Each of the competitors also recognizes their sport has more to offer than just a victory. “It’s not even about the volleyball,” said Miller. “And it’s not only us, the disabled person, who benefits from the sport. It’s also the family members. Sitting volleyball offers a way to connect back to community. It’s a way to get your self-esteem back. Guys come back injured from Iraq, and they feel like they aren’t worth anything. But if they just get around someone who has already been through [it], they can see these people moving on and having families. There are millions of disabled people in the U.S., and I wish that, on a community level, we had more outlets for people to discover disabled sports like sitting volleyball.”
This summer in Beijing, Miller, Millage, and Webster will be doing more than playing a game. The will be raising awareness about sitting volleyball. They will be representing the U.S. on a global stage. And they will play with a strength and endurance that they’ve developed by overcoming tragedy and perservering into triumph.
Ben Davis is a freelance writer from Oklahoma City who loves writing, fried okra, and people, in that order.
Top photo, left to right: Paralympic sitting volleyball players Nichole Millage, Lora Webster, and Kari Miller. (Photo by Kathryne Taylor)
Bottom photo, action shot of the Paralympic sitting volleyball team. (Photo provided.)

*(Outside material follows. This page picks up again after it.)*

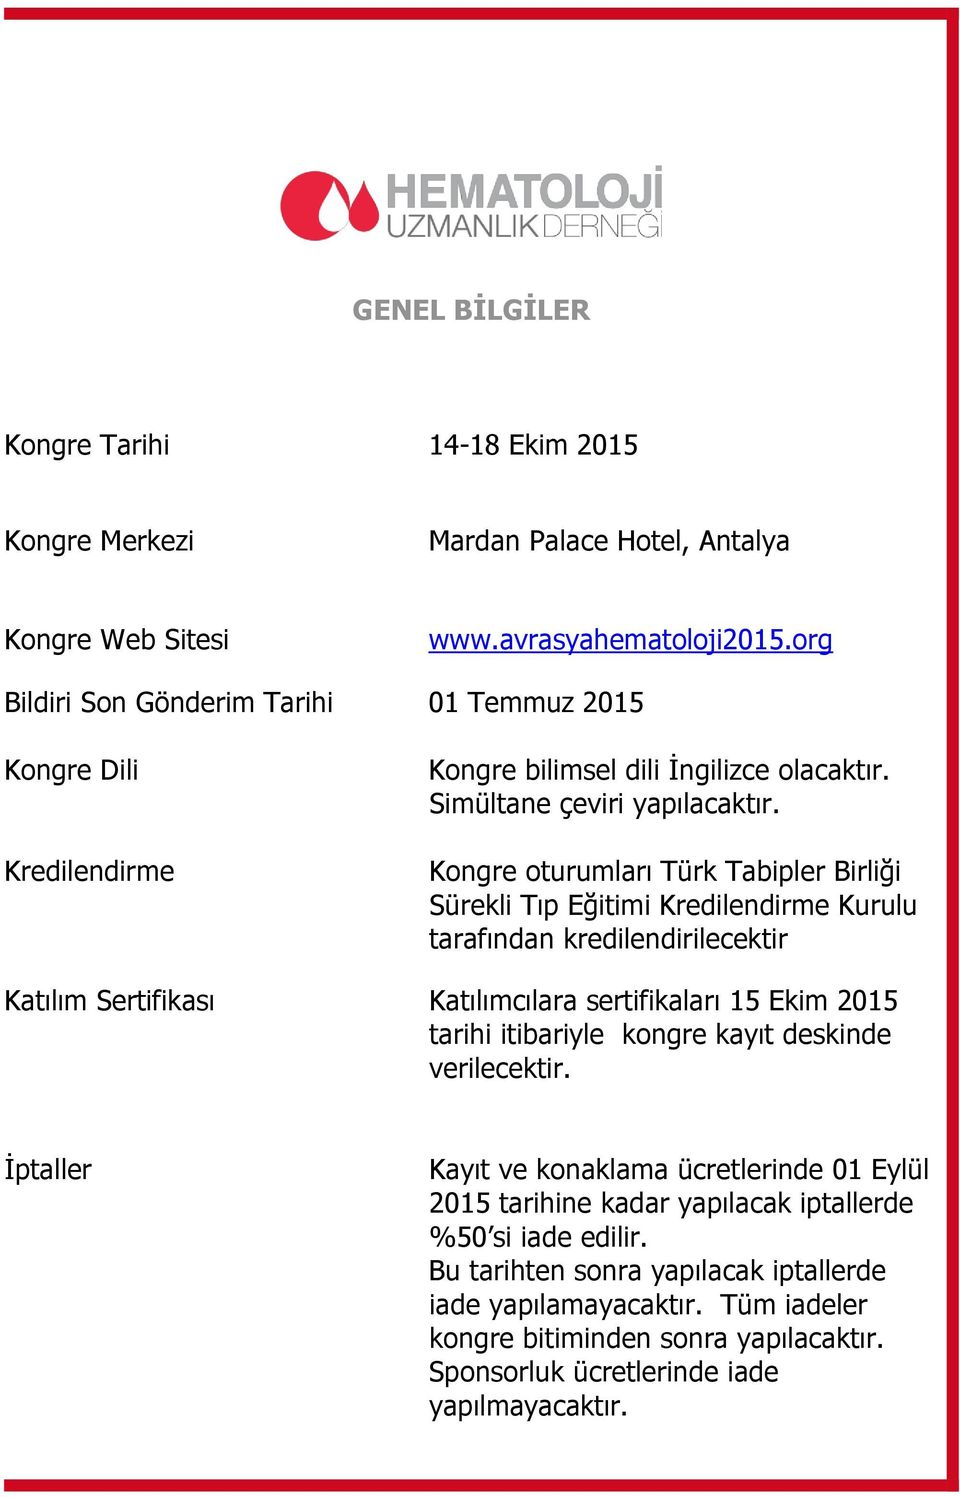 Kongre oturumları Türk Tabipler Birliği Sürekli Tıp Eğitimi Kredilendirme Kurulu tarafından kredilendirilecektir Katılım Sertifikası Katılımcılara sertifikaları 15 Ekim 2015 tarihi itibariyle

The 2008 Paralympic games in Beijing China
Disabled athletes first participated in Olympic-style games in 1960, and in 1976 the international Paralympic games were formed. Today, this competition includes athletes from six different disability groups but the focus is on the achievement and not the disability of the athletes.
In addition to Sitting Volleyball, 21 other sports are represented in the summer games, including archery, swimming, wheelchair fencing, and powerlifting.
While the Paralympic Games have always been held the same year as the Olympic Games, since the summer games in 1988 the Paralympics have also been held at the same venue. An agreement signed in 2001 between the International Olympic Committee and the International Paralympic Committee ensures that Olympic sites chosen from 2012 forward will also host the Paralympic Games.
Future games will be held in Vancouver, Canada (2010), London England (2012), and Sochi, Russia (2014).